Each time you do this, you practice liberation. Every outward explanation is training to one day turn that clarity inward.
Freeing Yourself Strengthens Your Capacity
The deeper shift comes when you begin with yourself. Then you are no longer practicing—you are applying.
You become consistent. Rest and boundaries don’t weaken you; they make you predictable and dependable.
You make your support clean. A reluctant “yes” erodes trust. A clear “yes” given from capacity strengthens it.
You stop teaching dependency on your depletion. When you overextend, others learn to lean on your collapse. When you honor limits, you model how they can hold themselves.
Try this: Notice one place where your “yes” has become reluctant. Replace it with a “no.” Then watch how your next “yes” carries more weight.

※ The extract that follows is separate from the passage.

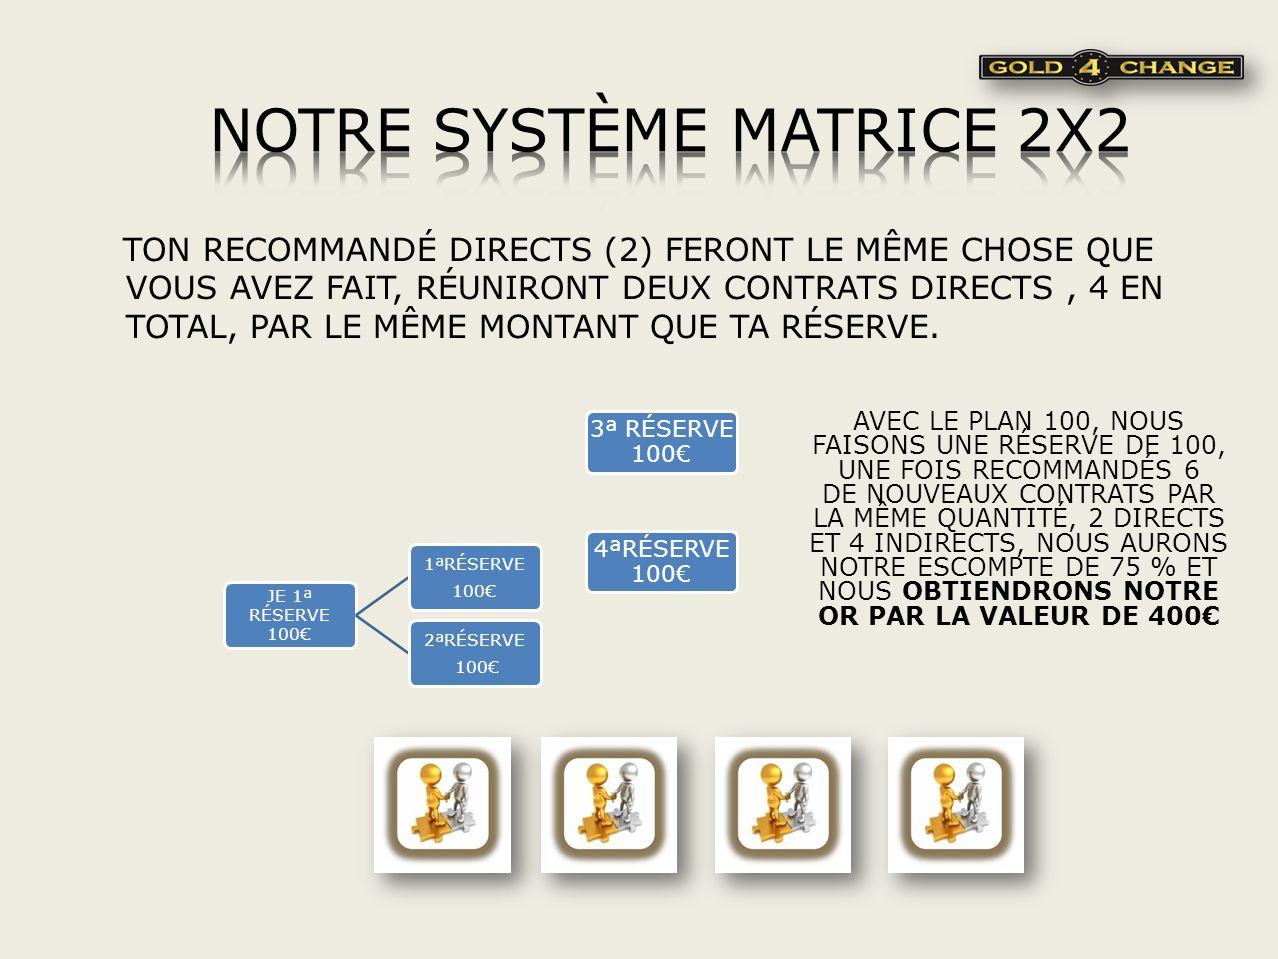 NOTRE SYSTÈME MATRICE 2X2

This is not indulgence. It is basic maintenance. It is how you ensure you will still be here tomorrow.
Self-Work Is Service
Whether you start outward or inward, the result is the same: the skill transfers.
The real question was never, Do I choose myself or others? That has always been a false choice. The truth is sharper: you choose yourself in order to choose others better.
Try this: Identify one place where you’ve been straining like a lifeline—pulling beyond capacity, afraid to let go. Ask: what would it look like to shift into steadiness there—visible, dependable, sustainable, without breaking yourself in the process?
Do the work. Set the boundary. Take the rest. Recalibrate when the warning signs appear. This is not selfishness. It is duty.
If you won’t do it for yourself, then do it for them. Because the people you love don’t need your sacrifice. They need your steadiness. They don’t need a burnt-out lifeline. They need a consistent signal they can rely on.
And if you want the structural parallel: the same principle applies at scale. Universal systems—housing, healthcare, education—flip incentives away from depletion. As I’ve argued in Universality Disincentivizes Surveillance, building for durability protects everyone better than extracting until collapse.
Self-work is not just a matter of survival. It is rehearsal for how we design systems that last.
If depletion is treated as duty, collapse is inevitable.
If durability is treated as duty, care becomes sustainable—for you, and for everyone who depends on you.